Naturally occurring primary hypoadrenocorticism is a relatively uncommon condition in both dogs and cats; it is characterised by clinically significant loss of adrenocortical secretory capacity. Primary hypoadrenocorticism is generally a result of immune-mediated adrenocortical destruction with resultant mineralocorticoid and glucocorticoid deficiency. In a small proportion of cases there is selective loss of only glucocorticoid secreting capacity.

Aetiology

Impaired adrenocortical function may develop as a result of disease of any part of the hypothalamic- pituitary-adrenal axis. However in dogs, hypoadrenocorticism is generally a result of substantial destruction of adrenocortical tissue.
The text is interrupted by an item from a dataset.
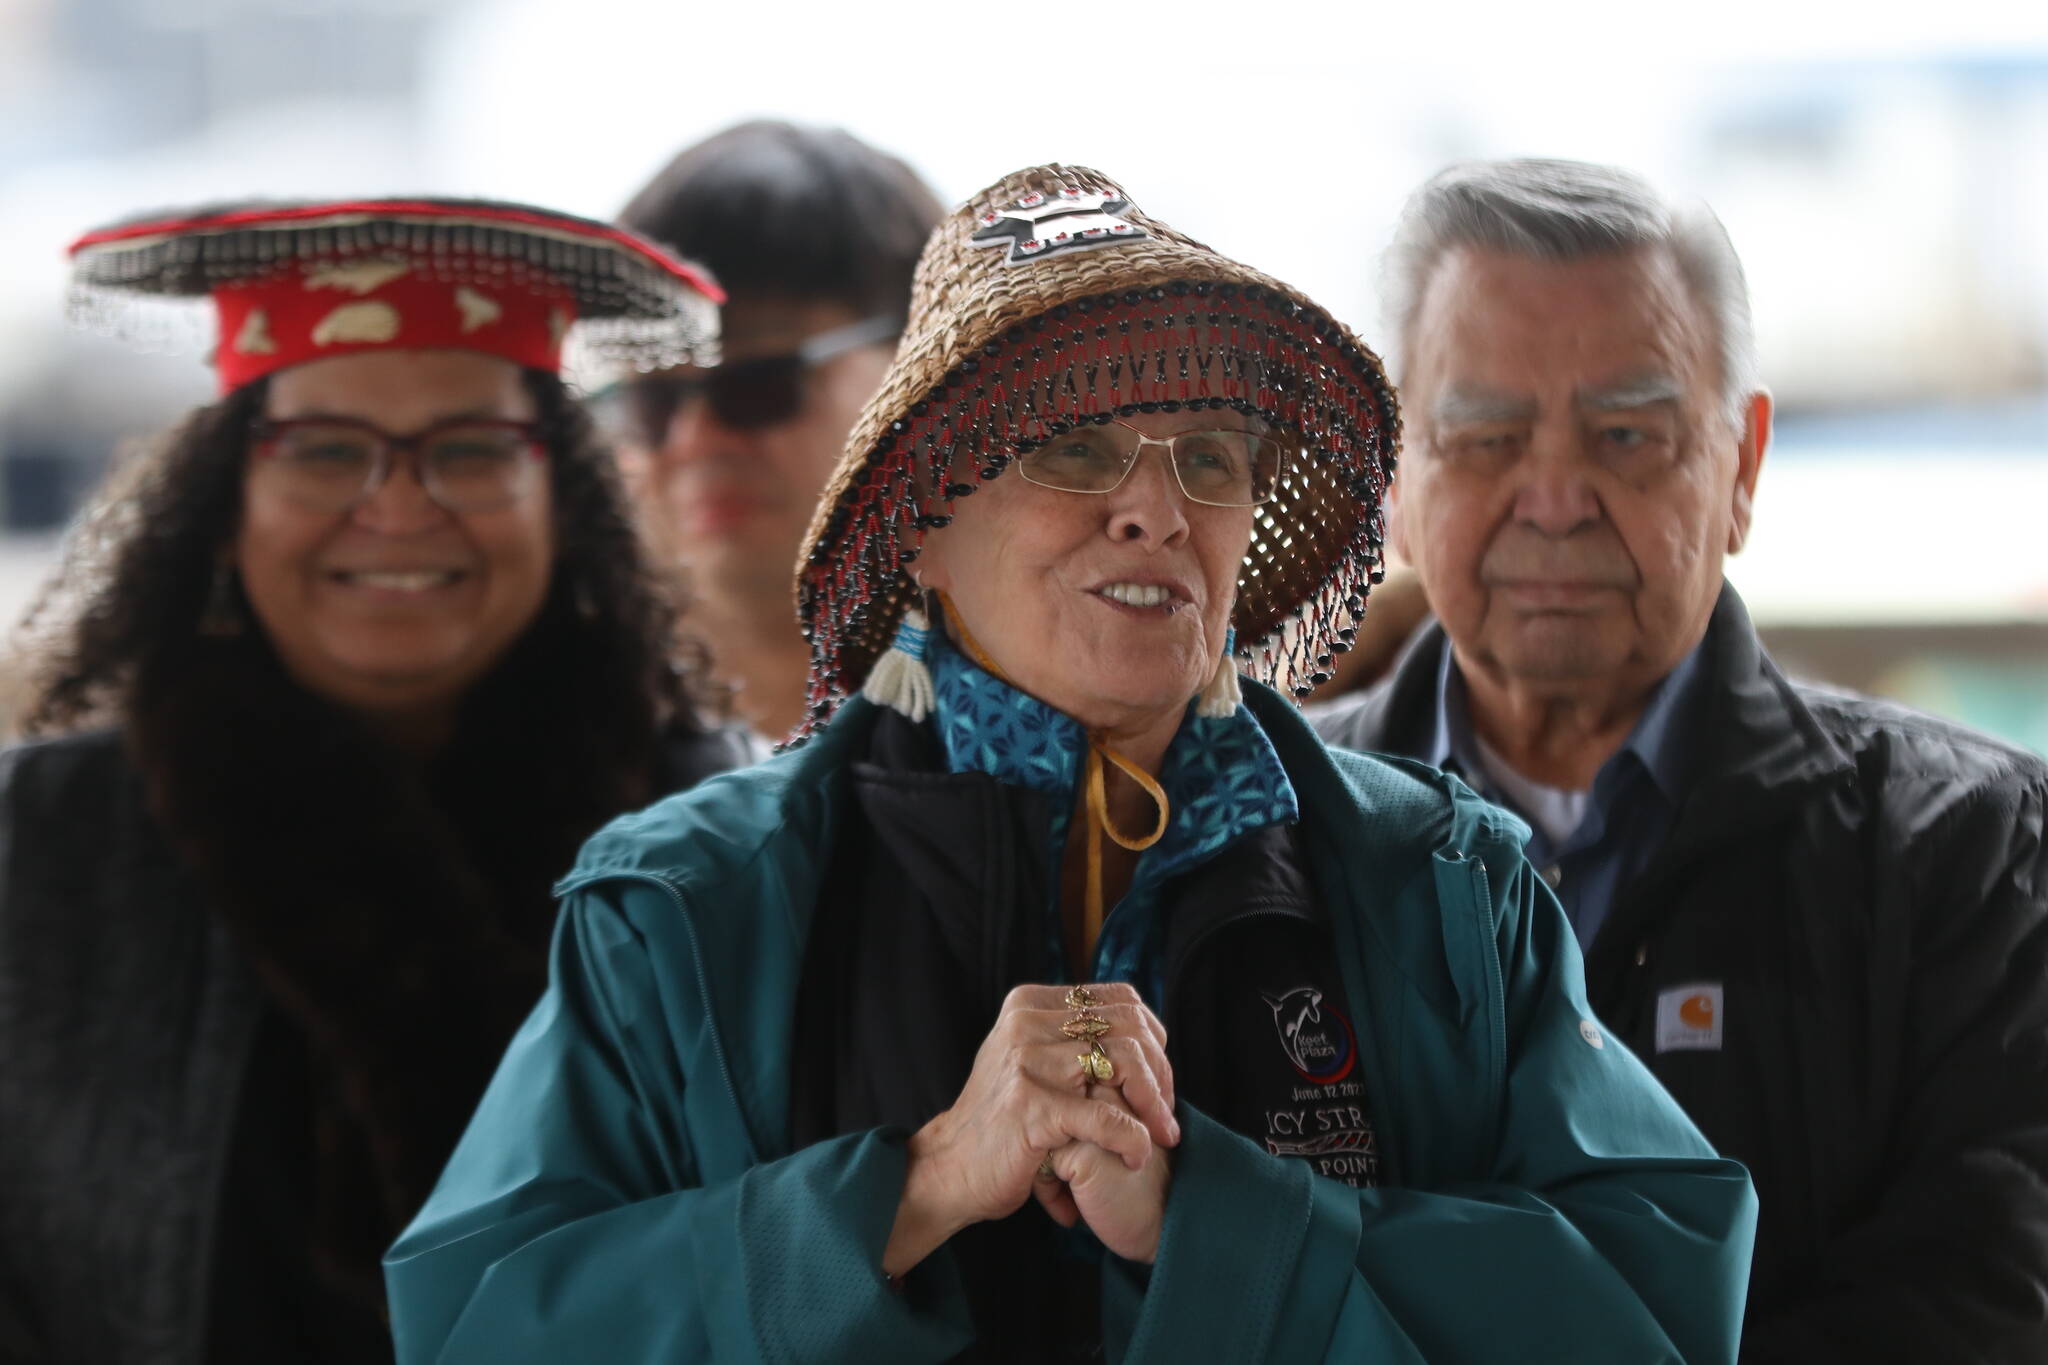 Áakʼw Ḵwáan spokesperson Fran Houston addresses a crowd of people during a blessing ceremony on Friday at Marine Park as part of the Kootéeyaa Deiyí (Totem Pole Trail) that will run along the downtown Juneau waterfront. (Jonson Kuhn / Juneau Empire)
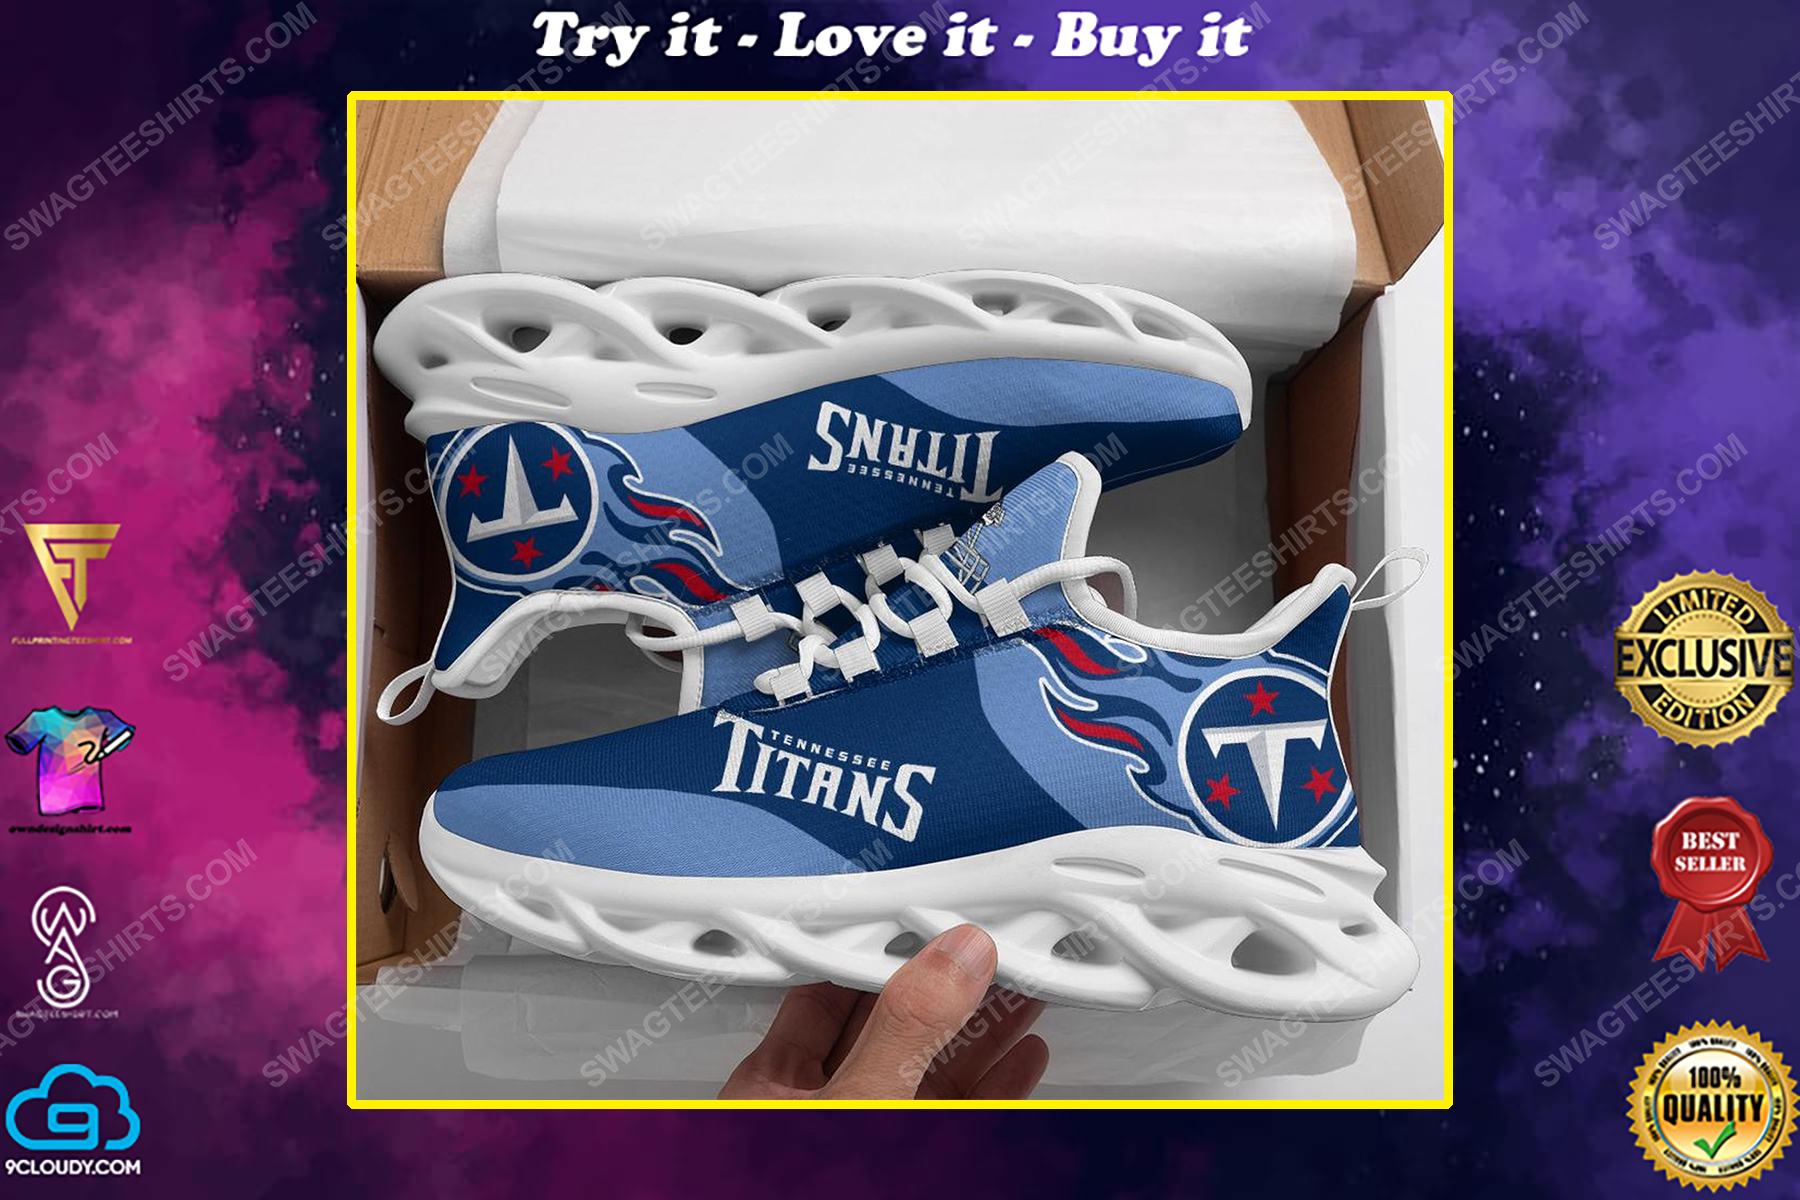 The tennessee titans football team max soul shoes

Although any destruction of adrenocortical tissue may impair adrenocortical reserve, in non-stressful situations approximately 90% of the adrenal cortex needs to be non-functional before this impairment becomes clinically significant.

In most cases the underlying reason for adrenal destruction appears to be idiopathic or immune mediated. Interestingly a marked genetic predisposition for hypoadrenocorticism has been demonstrated in Standard Poodles, Bearded Collies and Nova Scotia Duck Tolling Retrievers. Additionally there is a number of other breeds where hypoadrenocorticism is encountered more commonly than would be expected. In those breeds in which a marked breed predilection has not been reported, female dogs are more commonly affected with a ratio of approximately 2.3:1.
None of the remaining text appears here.